PROBLEM DESCRIPTION: Copy the data below exactly, but not the pictures it contains.

SUPPLIED DATA:
---
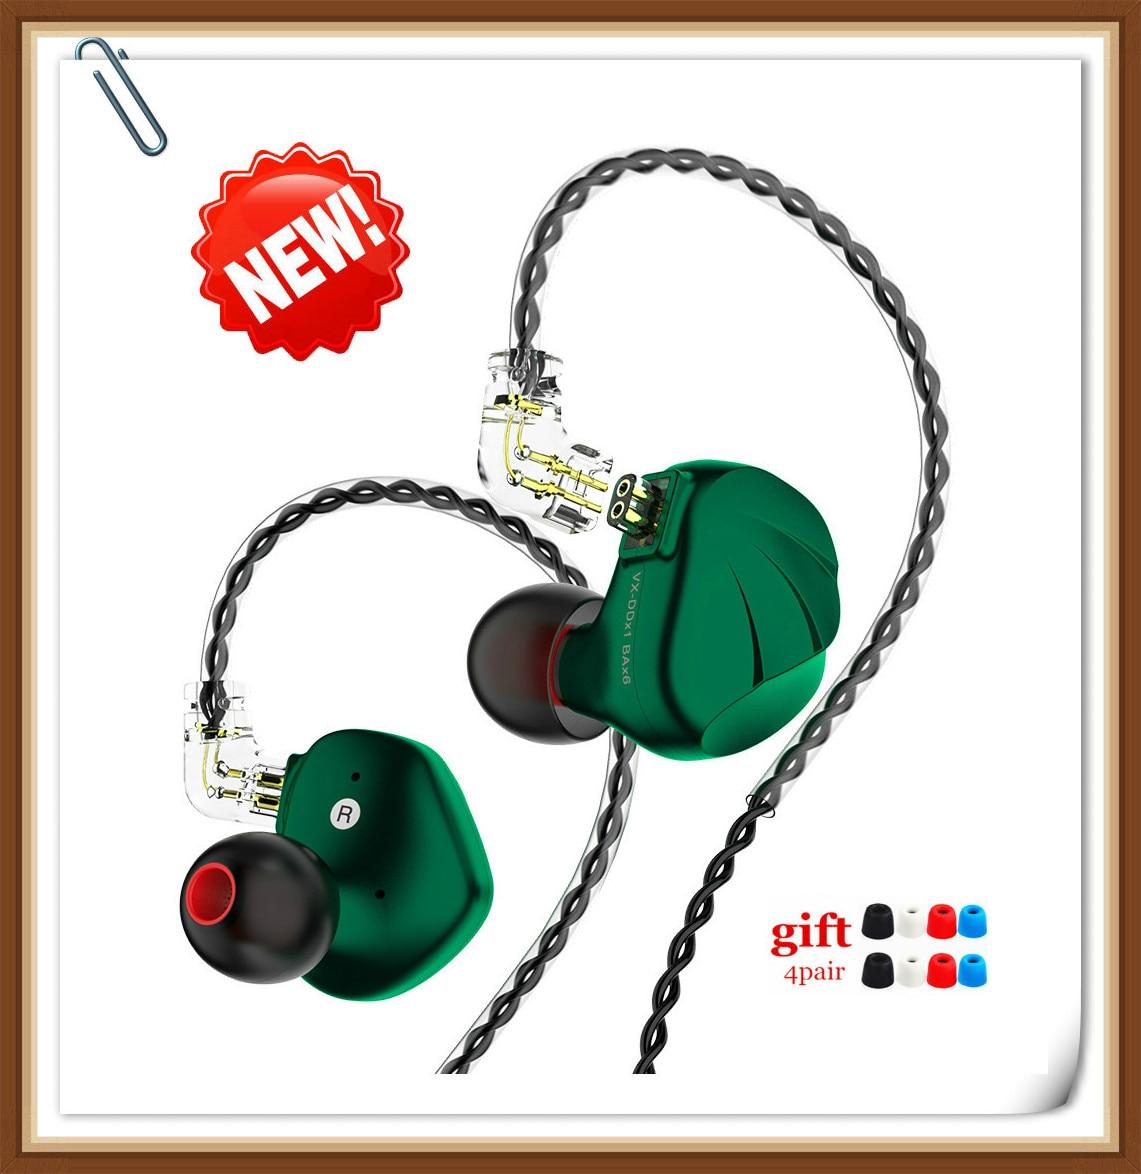 ¡Novedad! Auriculares deportivos TRN VX 6BA + 1DD Hybird Monitor HIFI para correr, auriculares intraurales TRN V90 BA5 T2 T3 T4
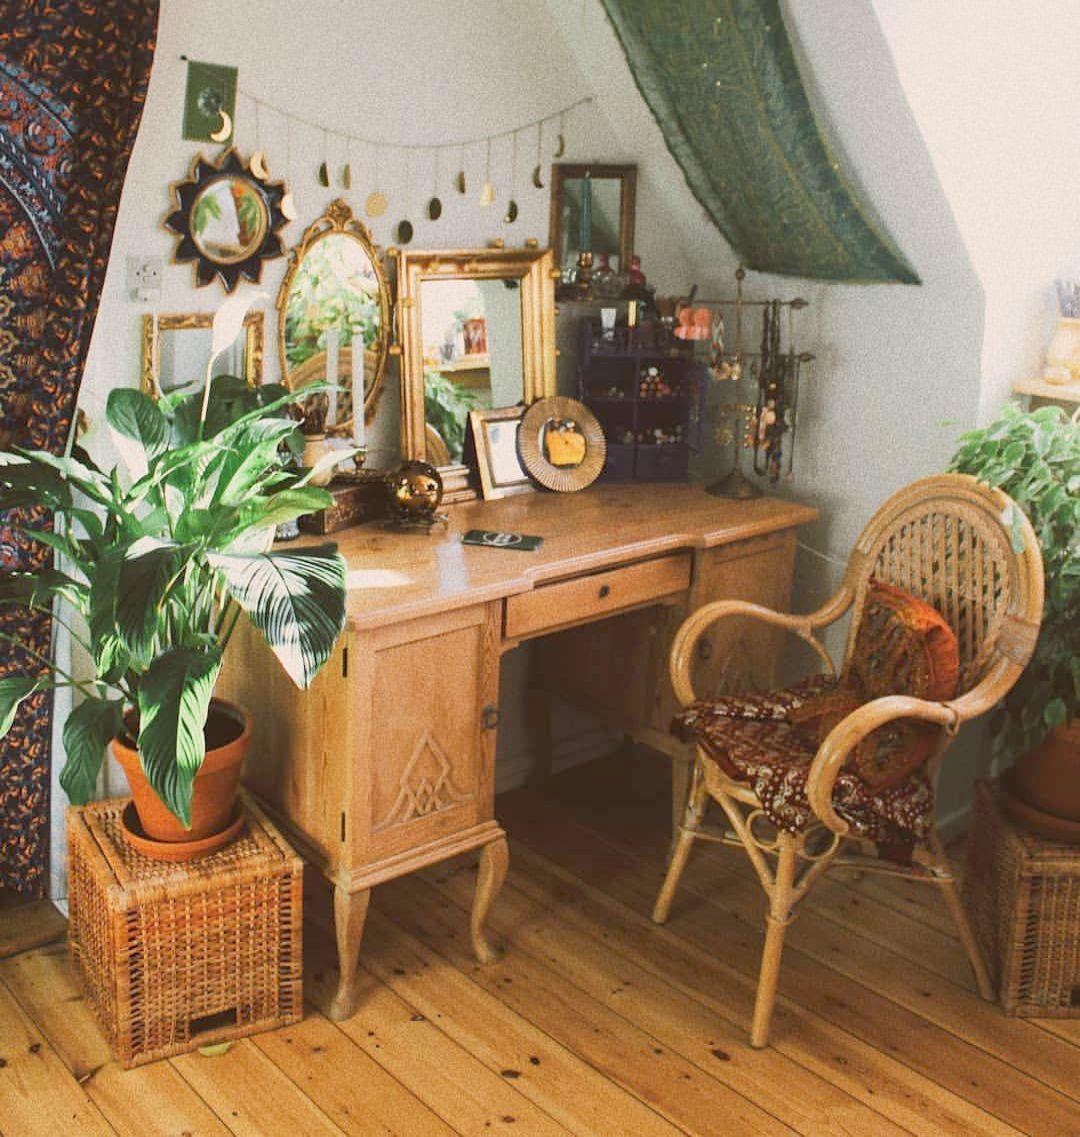 Travelex Korean Won Outside Acre Jewellery Exchange Home Decor Bedding Vintage Home Decor Retro Home Decor
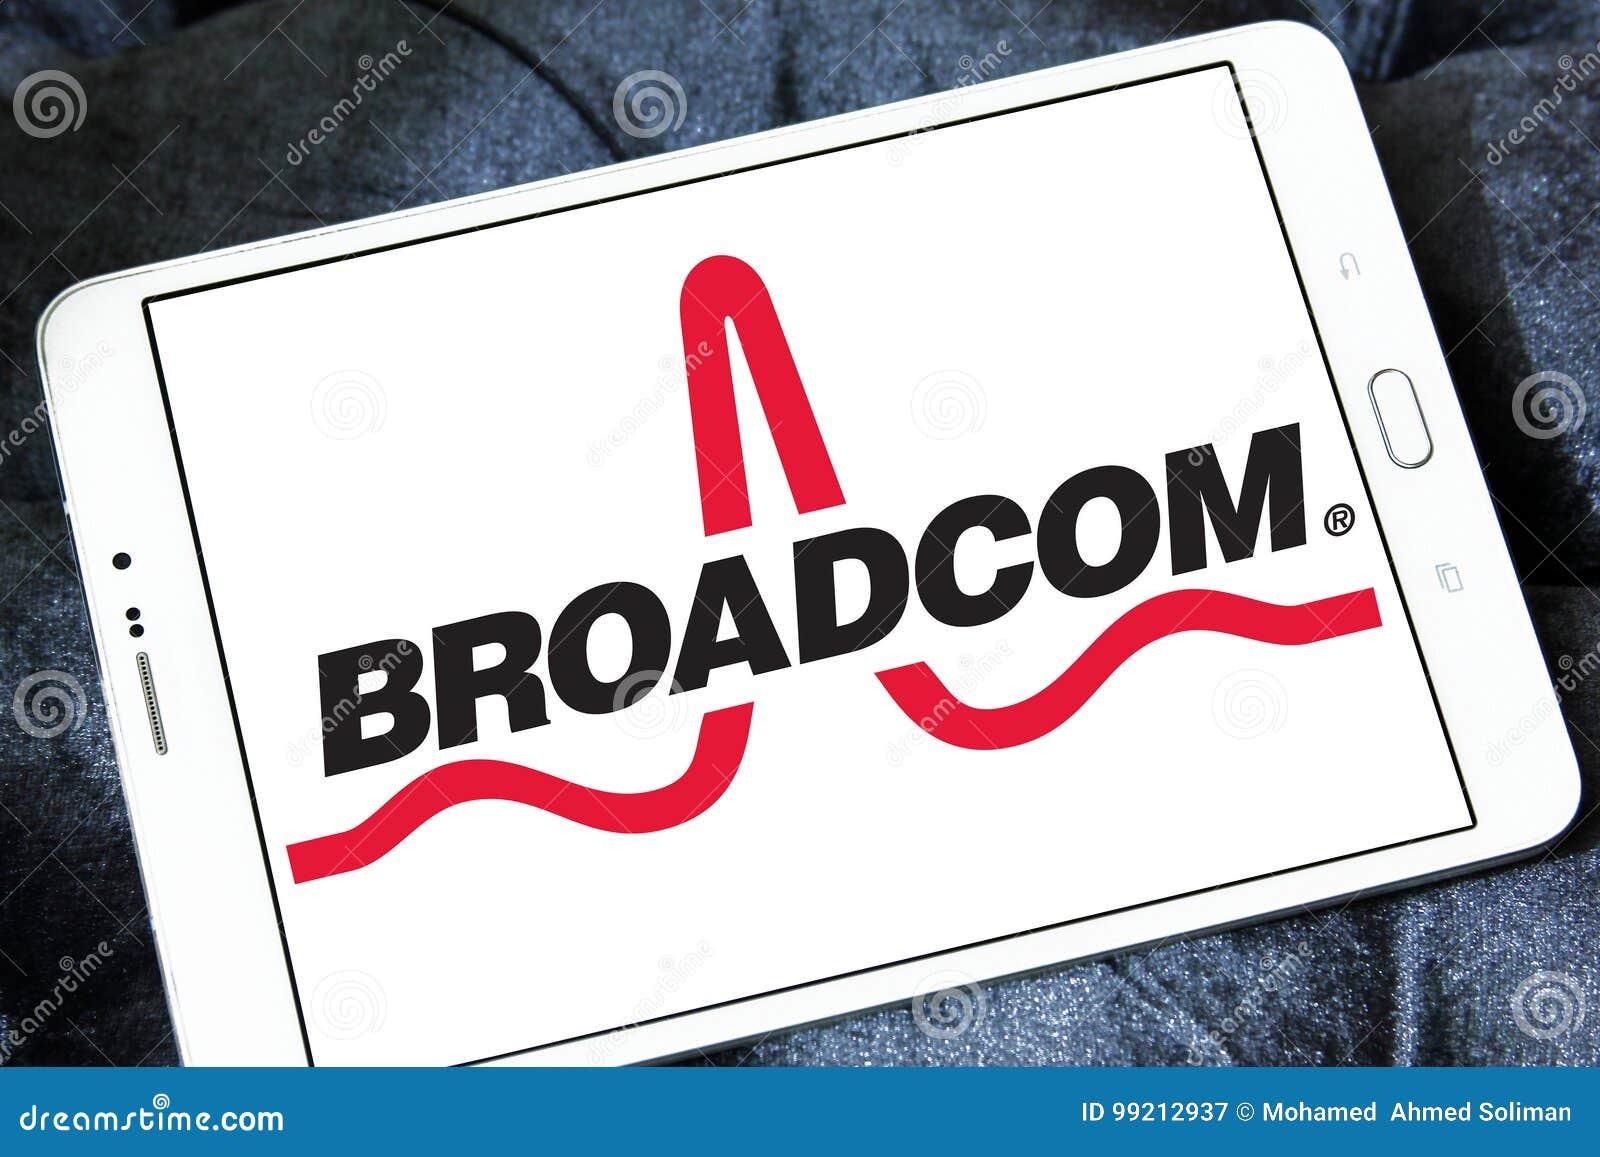 Broadcom company logo editorial photography  Image of
---
SOLUTION FOR THIS EXERCISE:
 ¡Novedad! Auriculares deportivos TRN VX 6BA + 1DD Hybird Monitor HIFI para correr, auriculares intraurales TRN V90 BA5 T2 T3 T4
 Travelex Korean Won Outside Acre Jewellery Exchange Home Decor Bedding Vintage Home Decor Retro Home Decor
 Broadcom company logo editorial photography  Image of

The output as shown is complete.